Caroline and the Ramblers were on as we arrived about 8, the sun still shining hot outside but inside it's cold beers and cool music. Chad Proctor is on lead guitar, a continuous flow of rootsy rockabilly and swingin' country flowing in his third of four appearances at the Star Bar in three days. After his set with Caroline he changed shirts to join Tore Up for what may be their final appearance. Stuart, the lead singer, is moving to Nashville this summer. That's too bad for those of us that like old honky tonk music, but maybe he'll kick Hank Williams Jr.'s ass, as Deacon Lunchbox never got around to it before he was taken out of the Redneck Underground by a drunk driver. But that's another story.
The Ex Husbands followed, doing an incredible mix of rootsy country and arena rock, throwing in covers of everything from AC/DC to Judas Priest, to more southern rock anthems like ZZ Top, to twangy old school originals of their own. It was yet another amazing set, and yet another band that was rumored to be playing their last set together. At least they went out with a hell of a bang.
Last up were the Drive By Truckers, a personal fave and the reason we opted for Sunday. They announced completion of their newest CD, though I didn't hear mention of when it will be available, before kicking off a string of songs from the southern rock opera. I can't wait for the recording, I hope it's as energetic and dynamic as their live performance, but I can't help but have my doubts. Live is where Drive By Truckers shine. They took the rowdy energy leftover from the Ex Husband's raucous set, and hardly let up. The only less than stellar moment of the show was the group rendition of Gregory Dean Smalley's "She's Breakin' My Heart," performed by as many folks from the crowd as could fit on the stage. Everyone was either too drunk or having too much fun to stay in tune or in time, so it had the feeling of the "Louie Louie" scene from Animal House. But it was only one song and soon it was only DBT on stage charging on into the night, tossing empties into the ditch and throwing rocks at mailboxes, with the stereo cranked on some badass 70's arena rock. Hellyeahbygawd.
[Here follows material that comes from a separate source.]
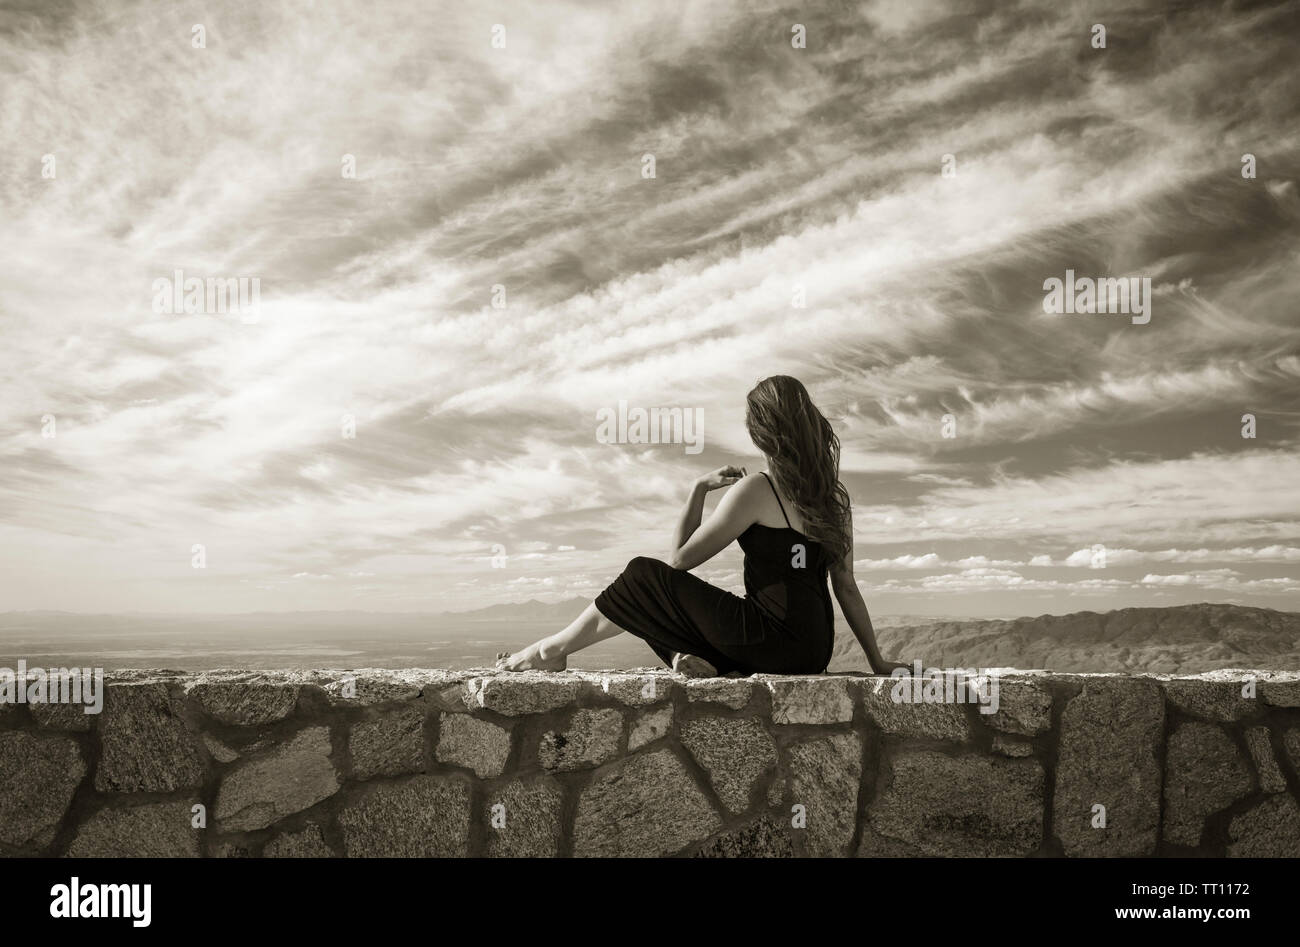 Beautiful, healthy young woman looking out at vast landscape. Beauty, health, wellness concepts. Stock Photo

We were invited to countless holiday weekend backyard barbecue parties but between the poverty and the need to get cranking on the Degenerate Press Summertime Blast invites we just didn't get out of the house. (I think degenerate SW watched a record number of hours of television, even for her standards.) But the invites are nearly complete (yet again an artistic masterpiece) and those should available in person later this week. If you want yours early track us down, or send us your postal address with a note to the effect. Otherwise, send us your postal address and we'll get 'em in the mail around mid-June, early enough to remind you but not so early you forget, we hope... Oh yeah, don't forget to tell us how many you want - invite all your friends and neighbors. Online versions will exist soon too.
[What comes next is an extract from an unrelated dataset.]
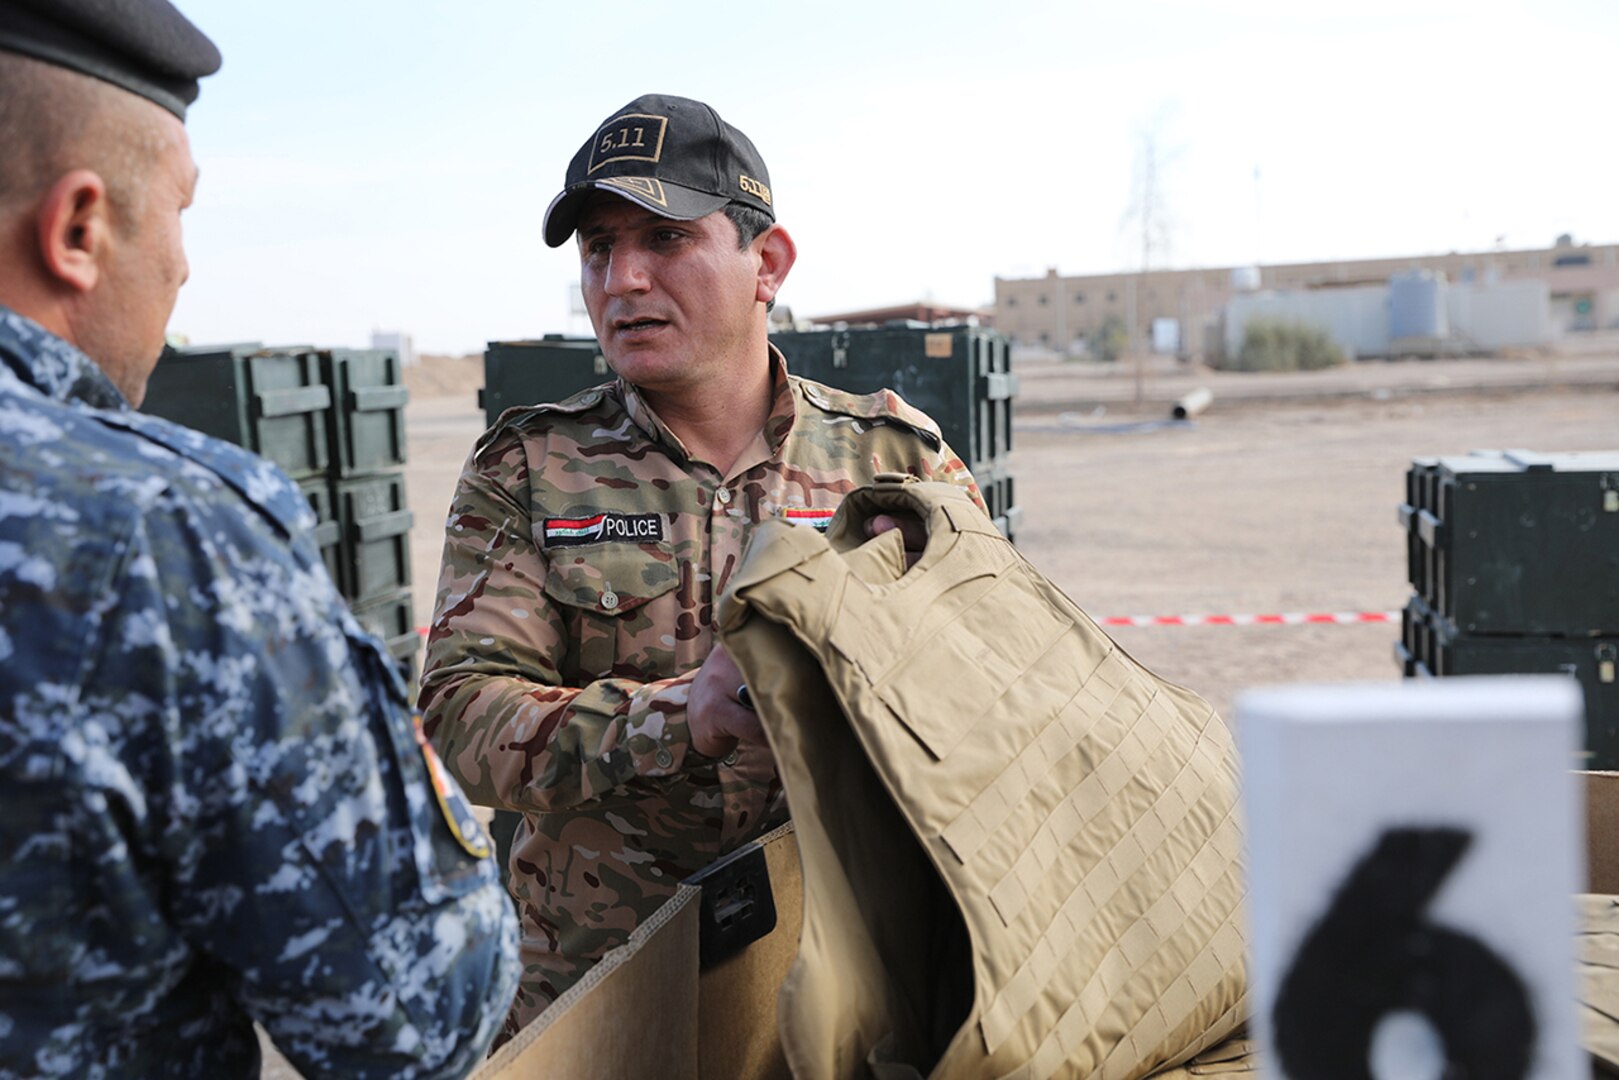 Members of the Iraqi Police look at one ballistic vest from a container during the divestment of organizational clothing and individual equipment to the Iraqi army and police at the Besmaya Range Complex, Iraq. The Coalition is enabling partnered forces to defeat ISIS by providing air, artillery and logistical support on the battlefield.

We counted our spare change and caught a matinee showing of Memento at the Plaza this weekend. It's a familiar film noir theme - guy wakes up and can't quite figure out who killed his wife, though he has a few clues. But there's plenty of interesting twists and unexpected developments as you follow his trail backwards, day by day. Each scene is the previous day on through the film as you backtrack to where things went astray for the lead character. It's a tad slow, but definitely worth seeing. I don't want to give too much away, but a wide sampling of folks at the office enjoyed so catch it while you can.